[Supplied information — start]

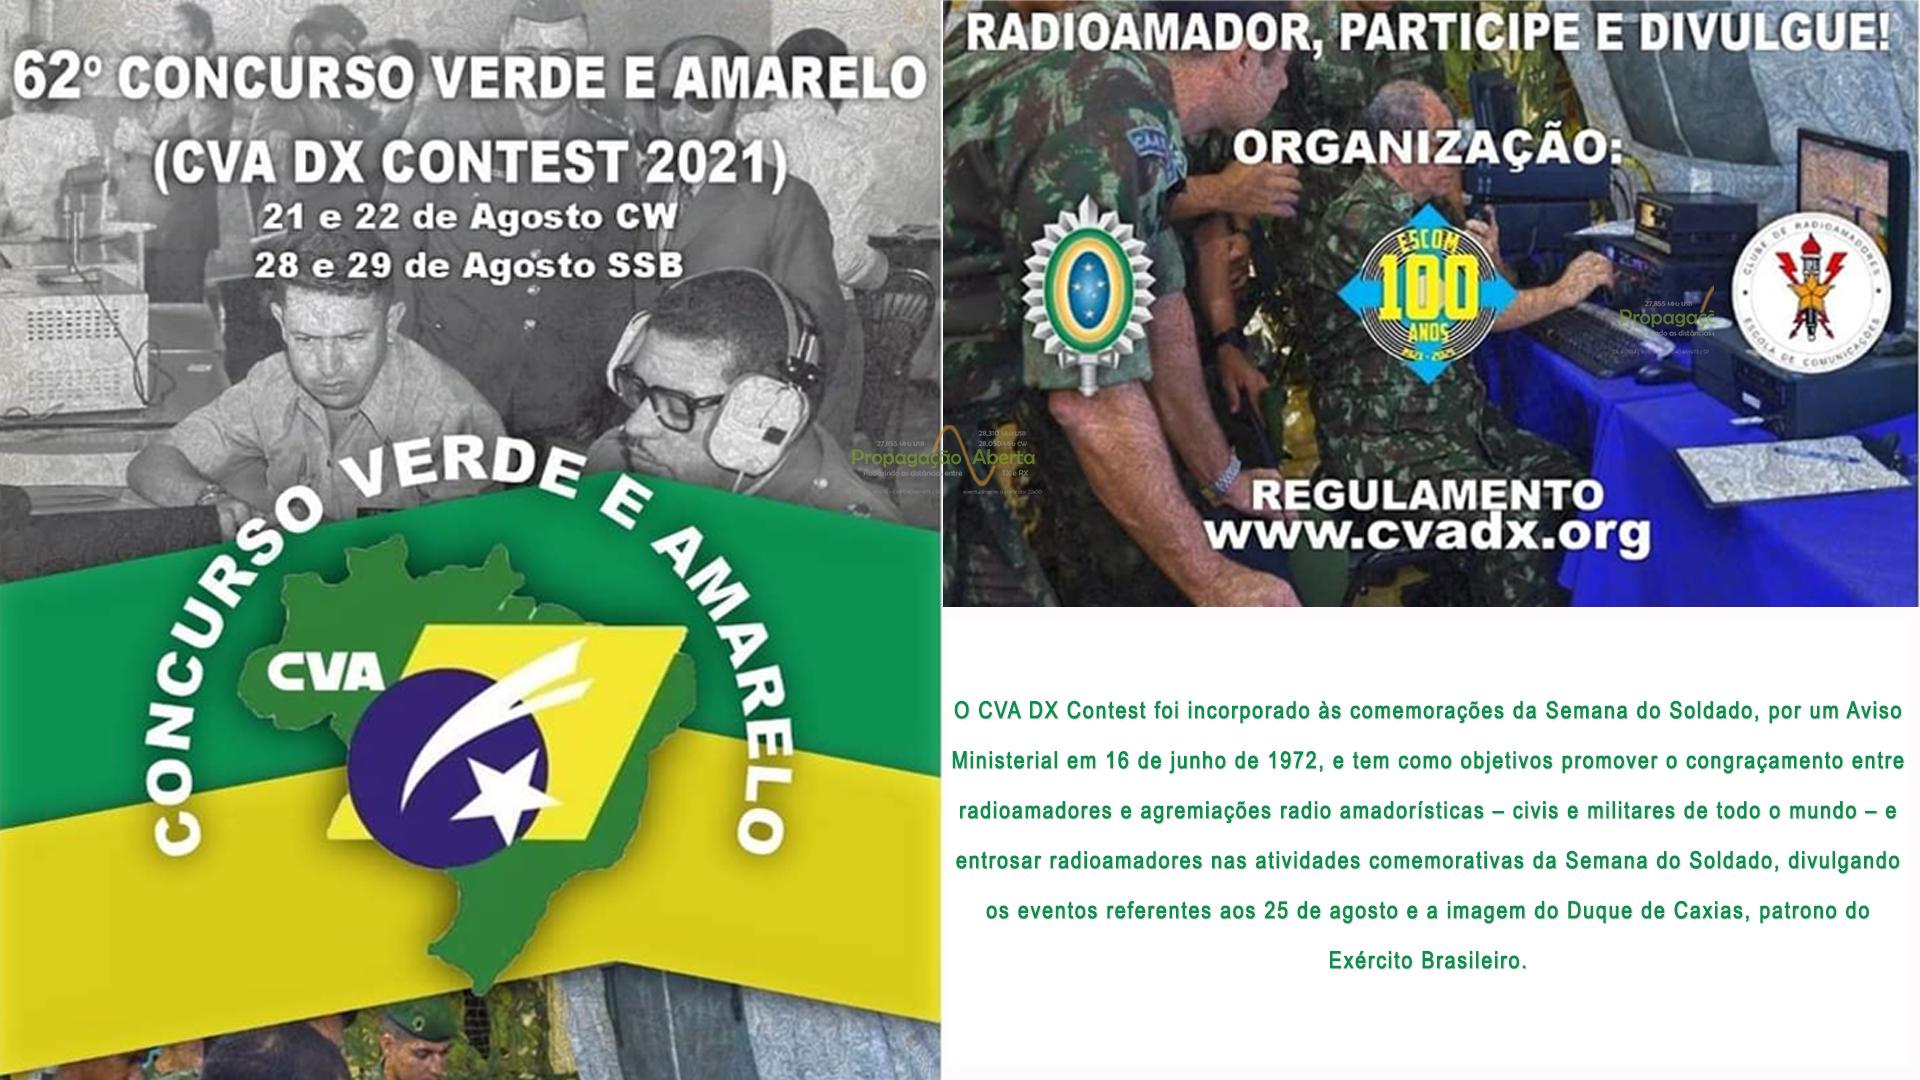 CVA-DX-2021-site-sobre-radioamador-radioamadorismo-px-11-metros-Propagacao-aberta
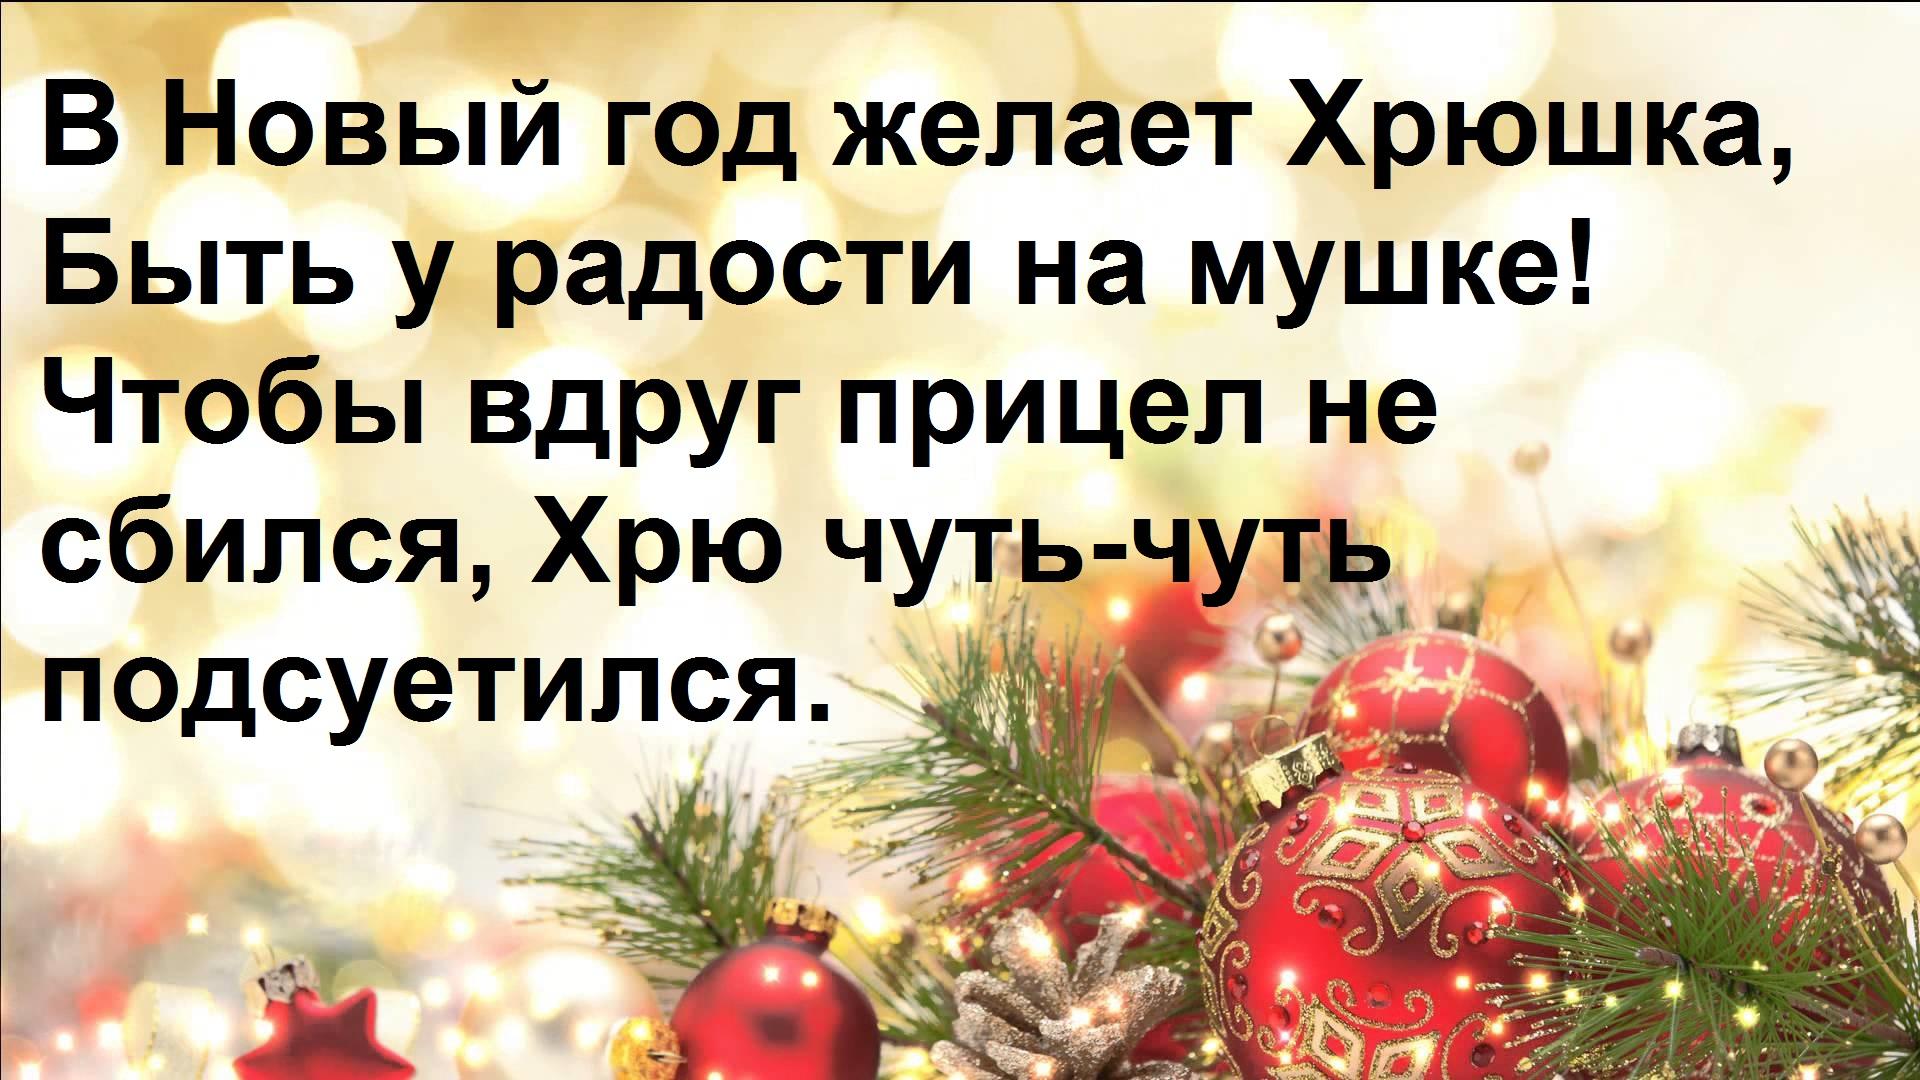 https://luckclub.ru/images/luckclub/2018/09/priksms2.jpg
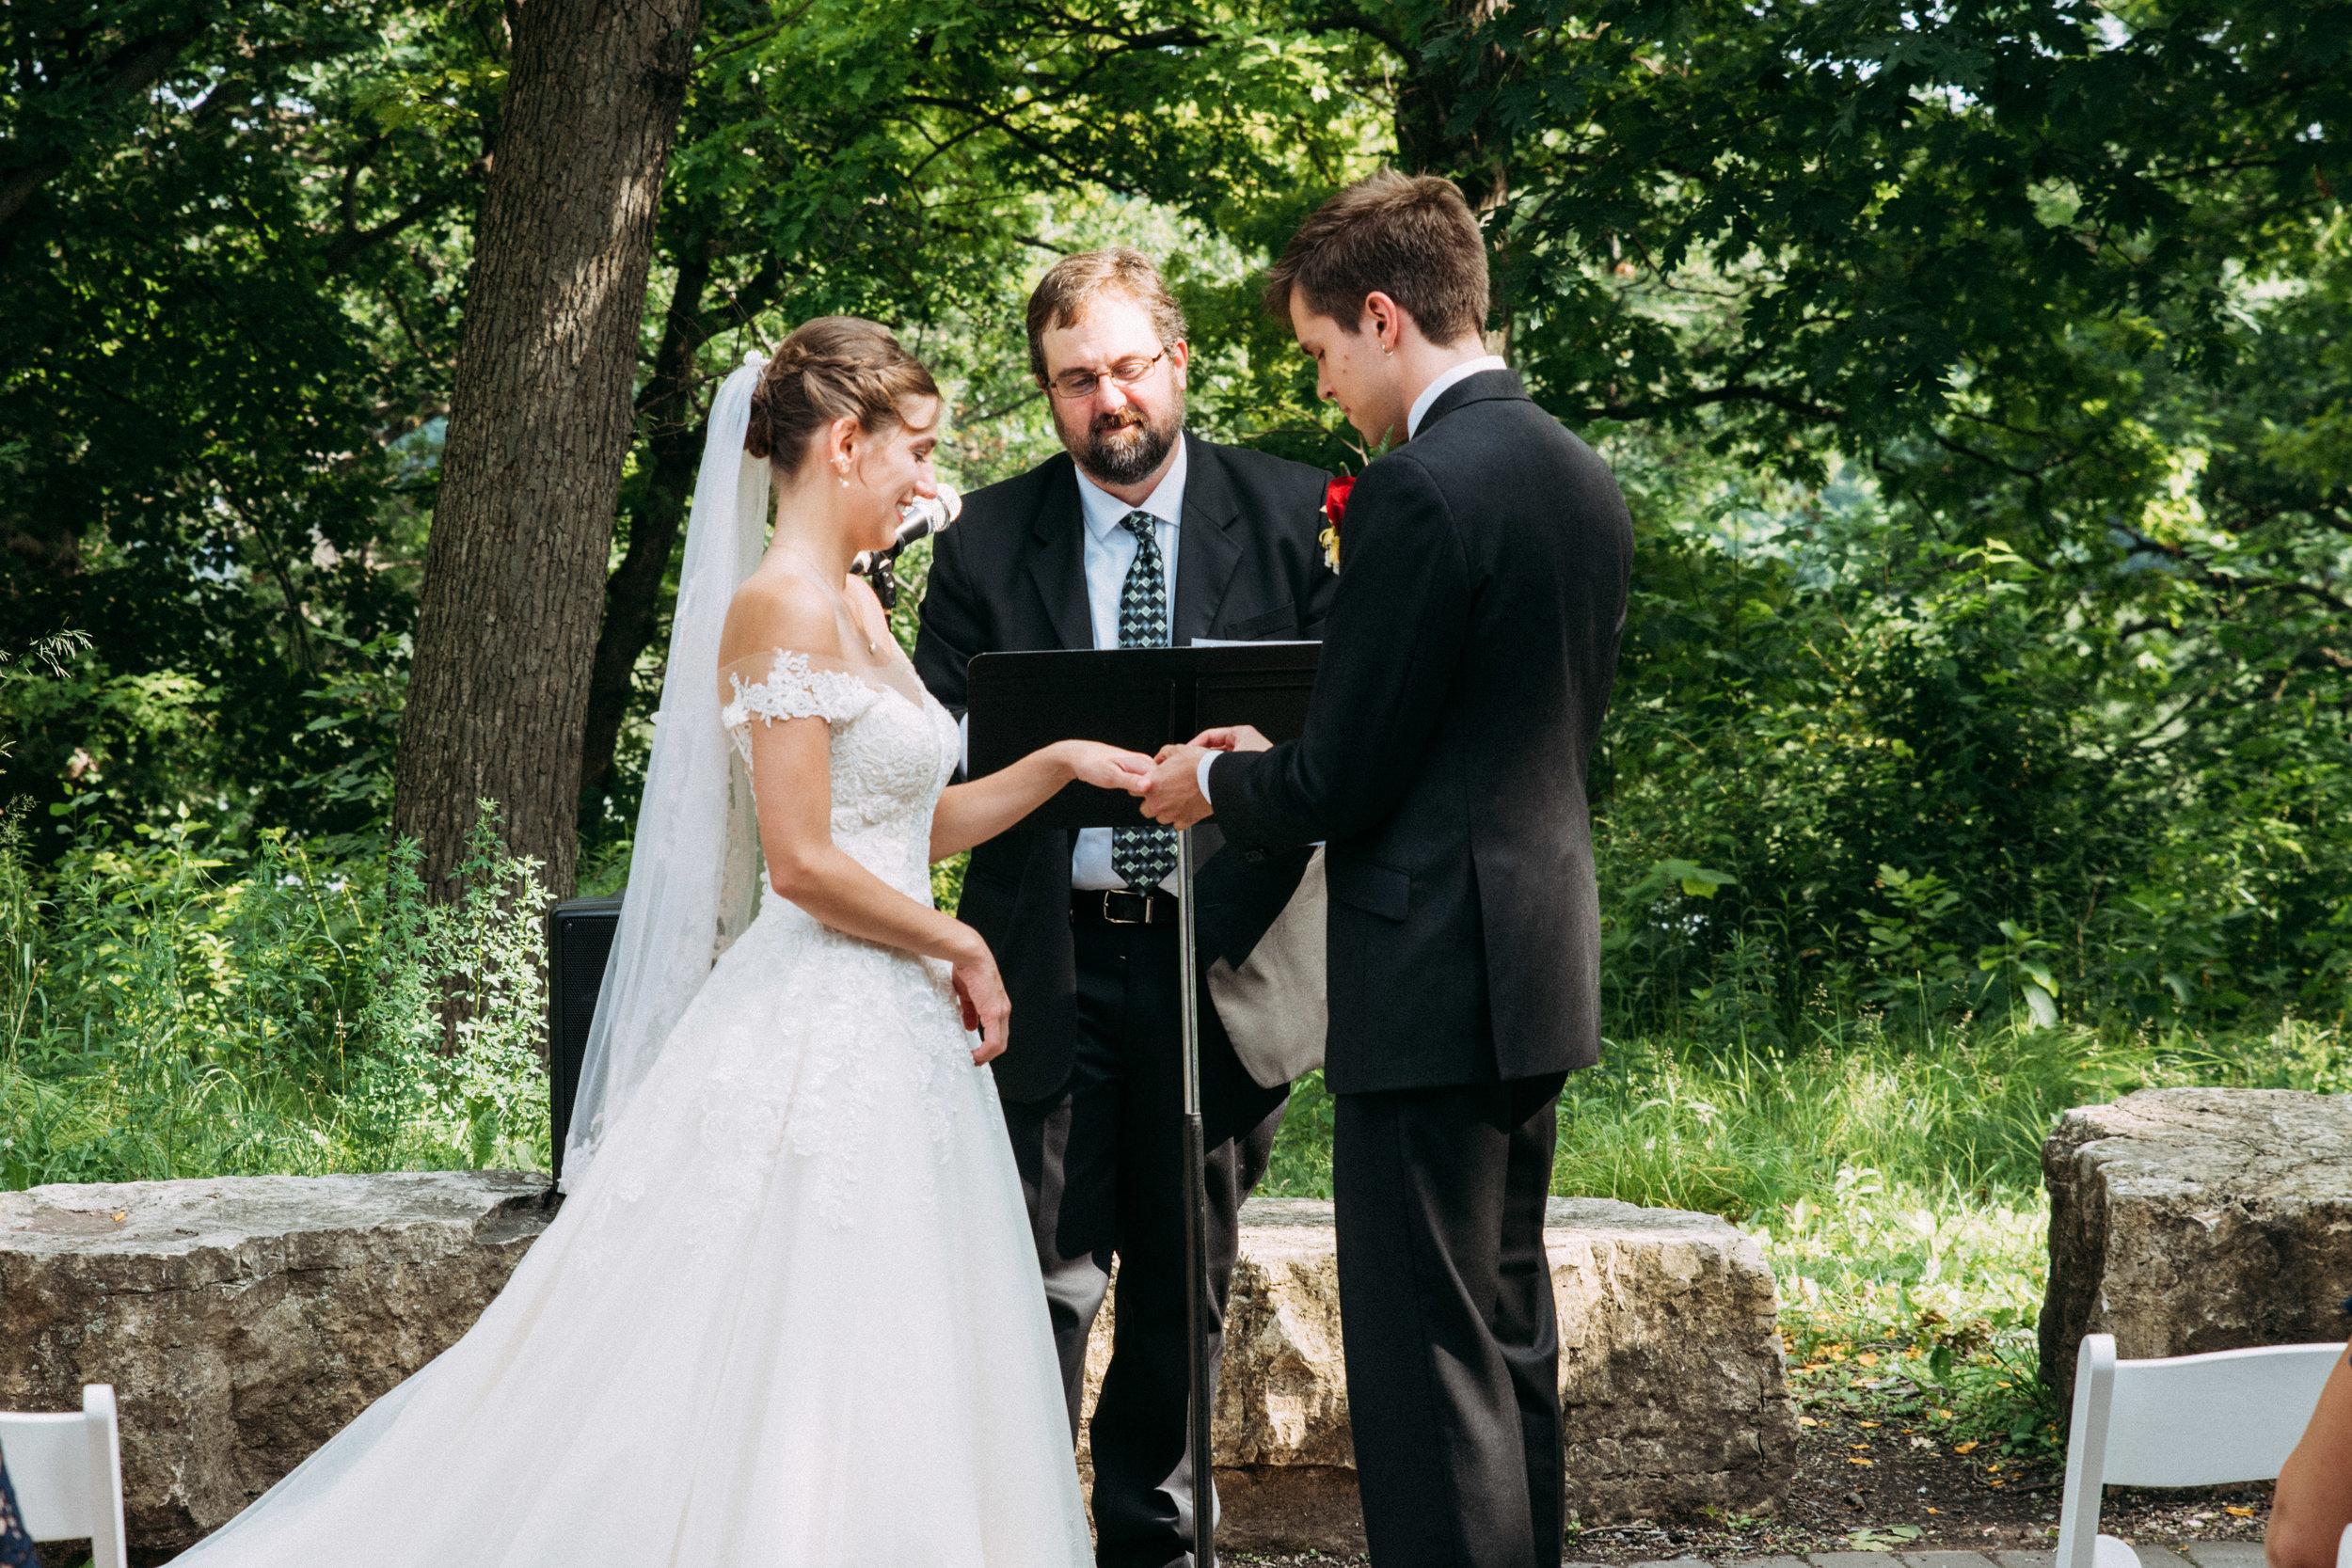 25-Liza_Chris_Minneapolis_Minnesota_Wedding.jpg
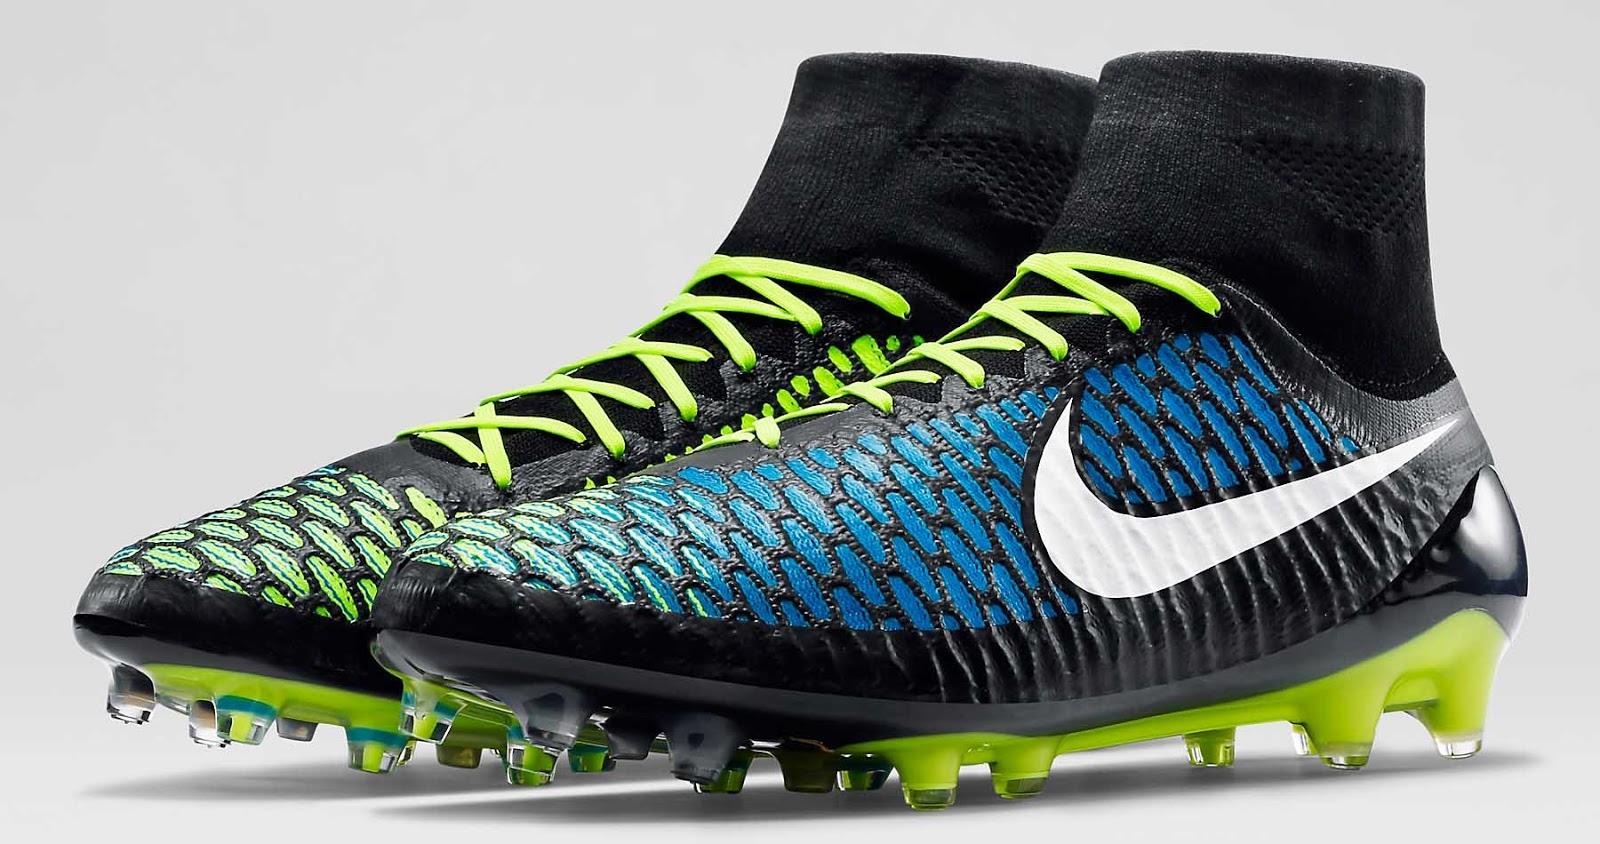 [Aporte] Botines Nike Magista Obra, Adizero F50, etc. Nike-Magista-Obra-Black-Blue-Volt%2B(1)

[Supplied information — finish]

- _Work request_
Could you give the material above again, exactly and without its pictures?

- _Answer_
 CVA-DX-2021-site-sobre-radioamador-radioamadorismo-px-11-metros-Propagacao-aberta
 https://luckclub.ru/images/luckclub/2018/09/priksms2.jpg
 25-Liza_Chris_Minneapolis_Minnesota_Wedding.jpg
 [Aporte] Botines Nike Magista Obra, Adizero F50, etc. Nike-Magista-Obra-Black-Blue-Volt%2B(1)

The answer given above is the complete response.